Resources Video 3 (Box Problem)

 

The Box Problem is used to introduce many of the big ideas that continue throughout the semester. It requires students to pay particular attention to the quantities involved and asks students to examine and explain the co-variation of these quantities. Student must also model the situation using formulas, graphs and tables and be able to make connections between them. The teacher should use this problem to lay the foundation for developing a problem-solving mentality in their students.

 

In this problem, students should create an open-topped box by cutting squares out of the corners of a piece of paper. Specifically, they are asked to create the box that will have the greatest possible amount of volume. The purpose of asking the problem in this way is that it gives students a reason to look at the different quantities involved in calculating the volume of the box and how changing one of the quantities affects the others, known as co-variation. The teacher should allow students to struggle with deciding how to create their boxes. Some students may come up with a formula relating the quantities while others go through a method of guessing and checking. Allow students to use whichever method they choose, but be sure to require that students give some sort of justification for why they think their box has the largest volume.

 

After the boxes have been created, the teacher should lead the class in a discussion about the boxes. The discussion should be about the quantities involved in the situation – what they are, which are relevant, what restrictions they might have, which are changing, and how they are changing together. At this point, it may be useful for the teacher to use the Explore Box applet. (Pull this up on computer screen) It is impossible to create a continuous view of how the quantities change using the only the pieces of paper. This applet allows students to see that view. The teacher can use this applet to ask students questions about how certain quantities change together. For example, a teacher could ask students how the length of the side of the cutout and the length of the box co-vary. They can then use this applet to change the length of the cutout and allow students to see what happens to the length of the box (do this on the computer screen).
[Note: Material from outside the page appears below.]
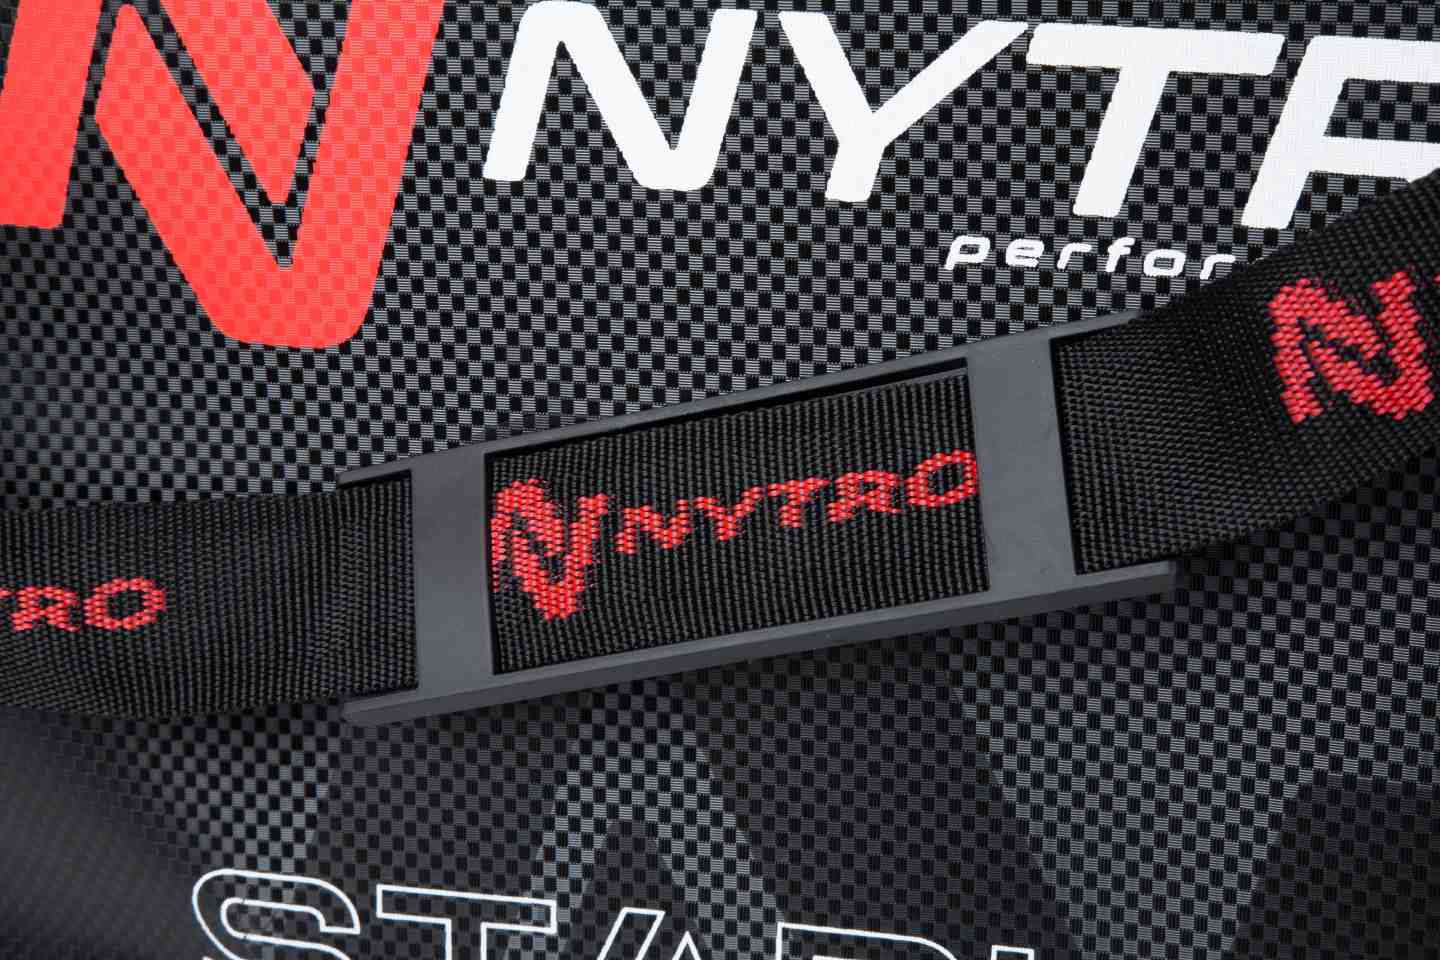 Nytro StarkX EVA Wasserdichte Setzkeschertasche XL

Here, they would be able to see that as the length of the side of the cutout increases, the length of the box decreases. The teacher can use this applet to help students understand how these quantities are changing together and encourage students to generalize these relationships into formulas as asked for in the worksheet.

 

Notice, though, that it is still hard for students to visualize an amount of volume using this applet. As the teacher moves into a discussion about how the length of the side of the cutout and the volume of the box change together, they should use the Explore Box with Cubes applet. (Pull this up on computer screen) This applet allows students to visualize how the volume is changing as the length of the cutout increases by using the boxes that you see below (point using mouse). Each of these boxes represents one cubic inch of volume. Notice that as the length of the side of the cutout increases, the volume of the box increases and more of the boxes are being filled in. After a certain point though, as the cutout length continues to increase, the volume of the box decreases back to zero. (Demonstrate using applet). This applet allows students to begin to examine the relationship between the two quantities in a continuous way and can help students begin to build a mental picture of what the graph representing these two relationships would look like.

 

To help students get a better idea of what the graph will look like, the teacher can then utilize the Exploring Intervals Applet (Pull this up on computer screen). This applet allows the teacher to focus students on specific amounts of the quantities and specific changes in them. If the teacher clicks on “Show interval 1”, that the first part of the graph appears – when the length of the cutout is between 0 and 0.5 inches. Notice that you can adjust the length of the side of the cutout on the paper, and as you do that, it again traces out the volume as the cutout increases. Using this applet, the teacher can either go step by step through the creation of the graph or they can use the piece of paper to continuously trace out the volumes with associated cutout lengths. (Many things in this paragraph should be done using the applet. All of this video should be of the computer).

 

As a teacher, you should decide how many of the applets to use based on the needs of your class. There are two additional applets available to use as well – one looks into more detail at the graph of the volume with respect to the length of the side of the cutout while the other can be used to help students understand how the formula is developed.

 

Back to Kacie.  This problem concludes by having students use the representations that they’ve created to find associated quantity values. For example, students are asked to find the volume given a specific cutout length, or the possible cutout lengths given a specific volume. This allows students to gain a further understanding of the representations they’ve created and how they relate the quantities involved.

 

Be sure to check out the videos tab for classroom examples of how this problem was implemented. Remember, the goal is for students to focus on quantities, how they co-vary, and for students to begin learning how to act as problem-solvers.